Strains. A total of 102 MRSA strains of avian origin were isolated and obtained from August to October 2021. Among them, 45 strains were from broilers on eleven farms, 34 strains were from layers on eight farms, and 23 strains were from ducks and geese on six farms. For the experiment, the frozen strains were inoculated on trypticase soy agar (TSA) medium and placed in a 37°C incubator for 18–20 h to resuscitate them. The quality control strain ATCC 29213 was provided by the Pathogenic Microbial Surveillance Unit of the China Animal Health and Epidemiology Center.

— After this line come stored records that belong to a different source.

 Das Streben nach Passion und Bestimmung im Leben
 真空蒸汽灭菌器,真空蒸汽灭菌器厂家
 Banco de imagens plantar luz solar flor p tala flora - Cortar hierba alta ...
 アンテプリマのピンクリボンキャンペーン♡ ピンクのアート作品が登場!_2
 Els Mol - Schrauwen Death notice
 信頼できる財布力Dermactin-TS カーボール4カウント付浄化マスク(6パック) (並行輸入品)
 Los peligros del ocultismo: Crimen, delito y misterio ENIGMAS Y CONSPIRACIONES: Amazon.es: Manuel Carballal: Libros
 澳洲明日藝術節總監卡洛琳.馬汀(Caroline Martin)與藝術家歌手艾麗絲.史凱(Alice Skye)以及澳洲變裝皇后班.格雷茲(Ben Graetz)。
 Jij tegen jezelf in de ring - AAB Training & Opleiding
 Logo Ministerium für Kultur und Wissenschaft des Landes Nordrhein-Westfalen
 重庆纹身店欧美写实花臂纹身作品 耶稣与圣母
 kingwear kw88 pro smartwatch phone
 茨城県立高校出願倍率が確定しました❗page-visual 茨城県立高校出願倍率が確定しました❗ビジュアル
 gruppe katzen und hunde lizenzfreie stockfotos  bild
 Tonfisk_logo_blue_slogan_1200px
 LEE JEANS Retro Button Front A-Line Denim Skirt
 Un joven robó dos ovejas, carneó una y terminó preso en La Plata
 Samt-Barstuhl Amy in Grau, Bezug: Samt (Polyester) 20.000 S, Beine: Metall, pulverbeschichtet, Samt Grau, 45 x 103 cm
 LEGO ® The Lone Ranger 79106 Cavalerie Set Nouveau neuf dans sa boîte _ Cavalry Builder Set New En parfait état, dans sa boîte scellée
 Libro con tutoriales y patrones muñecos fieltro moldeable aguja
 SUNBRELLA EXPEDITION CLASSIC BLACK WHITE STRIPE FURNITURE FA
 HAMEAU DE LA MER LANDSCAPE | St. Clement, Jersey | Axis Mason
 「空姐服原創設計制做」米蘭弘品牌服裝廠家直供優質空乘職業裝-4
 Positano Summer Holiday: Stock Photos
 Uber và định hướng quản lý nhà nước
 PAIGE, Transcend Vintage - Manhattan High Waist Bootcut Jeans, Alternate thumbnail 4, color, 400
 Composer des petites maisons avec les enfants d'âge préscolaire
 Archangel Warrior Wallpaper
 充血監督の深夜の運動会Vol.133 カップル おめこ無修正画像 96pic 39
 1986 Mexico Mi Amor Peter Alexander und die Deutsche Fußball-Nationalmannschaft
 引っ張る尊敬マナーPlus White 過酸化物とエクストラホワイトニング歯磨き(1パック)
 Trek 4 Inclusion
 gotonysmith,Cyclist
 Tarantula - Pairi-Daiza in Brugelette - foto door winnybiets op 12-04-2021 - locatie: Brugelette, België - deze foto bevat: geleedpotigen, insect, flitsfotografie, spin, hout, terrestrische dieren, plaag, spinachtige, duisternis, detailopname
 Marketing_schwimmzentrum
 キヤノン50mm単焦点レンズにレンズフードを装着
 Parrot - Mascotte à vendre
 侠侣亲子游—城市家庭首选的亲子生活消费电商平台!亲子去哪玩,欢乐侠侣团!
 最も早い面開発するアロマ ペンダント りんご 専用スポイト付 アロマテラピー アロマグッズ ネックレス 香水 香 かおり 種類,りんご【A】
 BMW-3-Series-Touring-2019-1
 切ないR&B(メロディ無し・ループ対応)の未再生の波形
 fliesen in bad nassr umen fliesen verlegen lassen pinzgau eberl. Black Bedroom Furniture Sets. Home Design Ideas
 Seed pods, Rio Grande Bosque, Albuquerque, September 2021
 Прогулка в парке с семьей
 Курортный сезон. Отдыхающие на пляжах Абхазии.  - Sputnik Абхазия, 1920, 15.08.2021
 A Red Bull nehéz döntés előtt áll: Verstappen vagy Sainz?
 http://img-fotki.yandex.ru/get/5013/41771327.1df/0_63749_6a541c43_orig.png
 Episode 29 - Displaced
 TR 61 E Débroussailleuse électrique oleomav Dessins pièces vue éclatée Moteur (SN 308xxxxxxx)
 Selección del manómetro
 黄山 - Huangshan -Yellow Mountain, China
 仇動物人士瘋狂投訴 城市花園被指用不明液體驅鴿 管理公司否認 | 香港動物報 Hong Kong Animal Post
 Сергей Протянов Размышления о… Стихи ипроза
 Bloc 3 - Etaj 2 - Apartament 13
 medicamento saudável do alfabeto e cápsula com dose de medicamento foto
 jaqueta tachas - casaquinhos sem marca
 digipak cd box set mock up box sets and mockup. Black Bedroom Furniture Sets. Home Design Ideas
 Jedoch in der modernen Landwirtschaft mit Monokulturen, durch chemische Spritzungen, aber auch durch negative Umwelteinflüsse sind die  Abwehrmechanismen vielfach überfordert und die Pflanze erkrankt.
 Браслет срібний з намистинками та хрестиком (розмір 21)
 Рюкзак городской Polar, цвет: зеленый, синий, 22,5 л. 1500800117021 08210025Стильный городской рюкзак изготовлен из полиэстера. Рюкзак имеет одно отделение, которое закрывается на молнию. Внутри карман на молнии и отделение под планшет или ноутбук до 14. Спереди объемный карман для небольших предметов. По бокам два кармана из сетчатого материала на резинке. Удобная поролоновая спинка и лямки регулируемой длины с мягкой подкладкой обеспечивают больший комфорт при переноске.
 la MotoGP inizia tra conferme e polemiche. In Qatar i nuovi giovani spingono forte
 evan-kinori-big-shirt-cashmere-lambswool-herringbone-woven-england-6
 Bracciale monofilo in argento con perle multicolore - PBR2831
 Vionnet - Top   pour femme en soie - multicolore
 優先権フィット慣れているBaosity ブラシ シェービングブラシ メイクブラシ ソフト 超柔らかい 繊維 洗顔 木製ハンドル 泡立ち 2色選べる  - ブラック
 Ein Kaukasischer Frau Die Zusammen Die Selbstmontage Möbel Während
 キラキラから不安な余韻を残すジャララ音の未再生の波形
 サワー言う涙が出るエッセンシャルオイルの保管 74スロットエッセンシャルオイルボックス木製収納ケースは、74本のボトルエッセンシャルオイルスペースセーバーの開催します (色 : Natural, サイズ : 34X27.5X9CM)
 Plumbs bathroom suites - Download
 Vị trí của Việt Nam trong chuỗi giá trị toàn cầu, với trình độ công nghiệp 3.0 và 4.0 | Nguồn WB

Reagents and instruments. The TSA medium was purchased from Beijing Luqiao Technology Co. (Beijing, China). Ninety-six-well drug sensitivity plates coated with penicillin, amoxicillin/clavulanic acid, erythromycin, clindamycin, enrofloxacin, ofloxacin, ceftiofur, cefoxitin, sulfisoxazole, benzocillin, vancomycin, co-trimoxazole, doxorubicin, florfenicol, tiamulin, temsirolimus, gentamicin, linezolid, cephalexin, doxycycline, and tilmicosin were supplied by Shanghai Xingbai Biotechnology Co. (Shanghai, China). A Type II A2 biosafety cabinet was obtained from Shanghai Lishen Scientific Instrument Co. (Shanghai, China), and an LT-LBX45N thermostatic incubator was used manufactured by Shanghai Ailang Instrument Co. (Shanghai, China). A PTC200 thermal cycler, Powerpac Basic power supply and XR gel imaging analyser were needed and were products of Bio-Rad (Hercules, CA, USA). An F-TC2015 turbidimeter was utilised (Oxoid, Basingstoke, UK). The vortex mixer for the experiment was a model HVM1 (Shenzhen Tiannanhaibei Co., Shenzhen, China). Finally, GoTaq Green Master Mix and DL1000 DNA marker were supplied by TaKaRa Bio Beijing Baori Medical Biology (Beijing, China), nucleic acid dye was procured from Rayborschenko (Shanghai, China) and EEO 015 agarose electroendosmosis gel was sourced from Biowest (Barcelona, Spain).

MRSA drug sensitivity test. The minimal inhibitory concentration (MIC) of 18 antimicrobial drugs from 13 categories was determined by the micro broth dilution method recommended by the Clinical and Laboratory Standards Institute (CLSI) using a 96-well drug sensitivity plate. The strains’ susceptibility, intermediate susceptibility or resistance was established according to the CLSI criteria, and was validated if the quality control strain was within the quality control range. The positive control was ATCC 29213, and the negative control was normal saline. If the quality control strain was within the quality control range, and the positive control had bacterial growth and the negative control had aseptic growth, interpretation of the results was effective. The standard definition of multiple resistance was adopted – simultaneous resistance to three or more classes of antimicrobials.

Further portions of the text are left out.